Tuesday, October 23, 2018

Field Company Lightweight Iron Skillet

I've been using cast iron skillets since I was a kid using my mom's cookware, and I'm a big fan. Properly seasoned and cared for, a cast iron skillet will be just as nonstick as your modern nonstick cookware, and it can last for generations.

Aside from extreme thermal shock, I can't imagine how you could seriously damage a cast iron pan. Even if you left it out in the snow all winter and it started to rust, you could sand off the rust and re-season the pan and it would be just fine.

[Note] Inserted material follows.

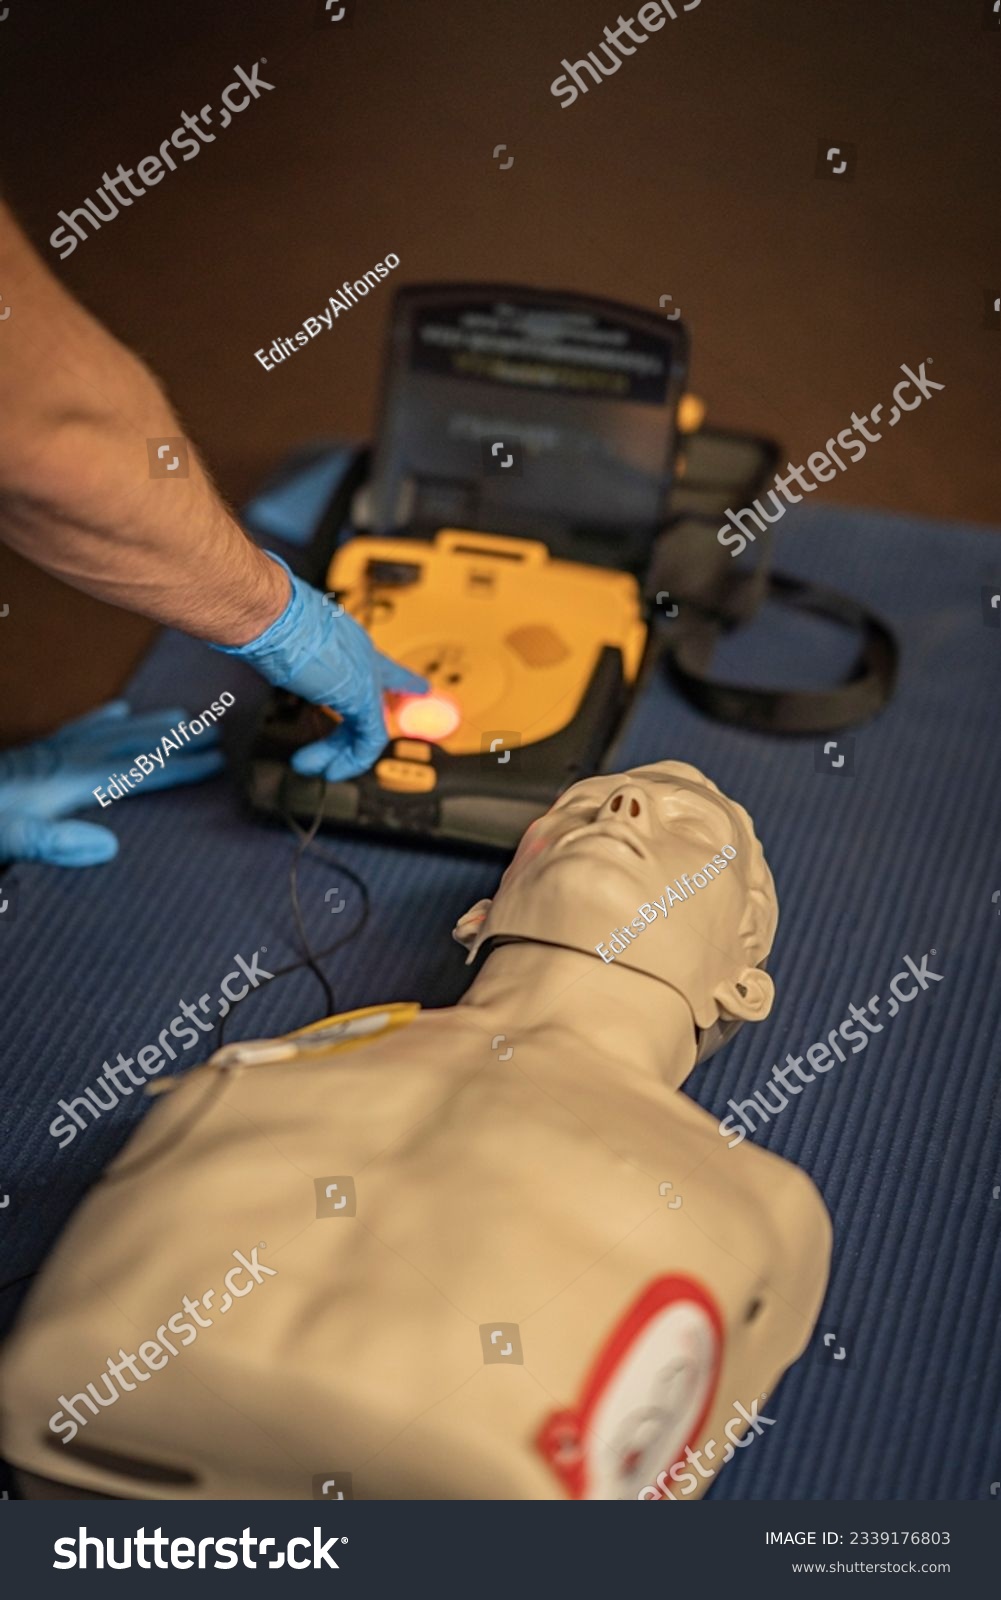 First aid training – The resusitation has started. The instructor ist going to activate the shock. The shock discharge button flashes red. The AED is loaded and the patient is now being shocked. #2339176803

Speaking of thermal shock, I'm not talking about the kind of shock that can break a glass casserole. More like heating it red hot, then pouring liquid nitrogen into it. And I'm not sure that would actually damage it. Not that I want to try. I like my cast iron.

So anyway, the folks at Field Company offered to send me one of their lighter weight cast iron skillets.

Let me be clear here. There's no voodoo involved. It's still real cast iron, just like your foremothers used. The metal is the same. But the skillet is just a little thinner, so it's lighter. It's also smoother, so you don't have a bumpy surface. I'm guessing that rather than just casting it and doing some rough finishing, these are machined to get that smooth surface and thinner metal. But, I'm just guessing. It could be voodoo.

Now, when I'm saying that this skillet is lighter, it's lighter than a standard cast iron skillet of the same size. It's not as light as aluminum. Because that would be actual voodoo.

I went through my usual seasoning process, using the skillet in between. Mostly searing steaks, because that's something that cast iron is excellent at.

As far as performance, there's a slight difference between this pan and my other cast iron pans. Cast iron is desirable for its ability to retain heat, and this did that very well. When I was first heating it, it heated a little unevenly, getting hotter faster right above the flame. However, once it was hot, it all evened out. Since I always preheat cast iron pans, I can't even say this was a drawback. Just something that I noticed. You know, with an infrared thermometer in my hands. Otherwise, I'm not even sure I would have noticed.

Overall, this is a nice pan and I can definitely feel the difference in weight, so I'll be keeping it handy for cooking. And baking. And roasting. And in the grill. And pretty much every way I use cast iron pans.

Like many of the things I review here, I got this pan at no cost to me.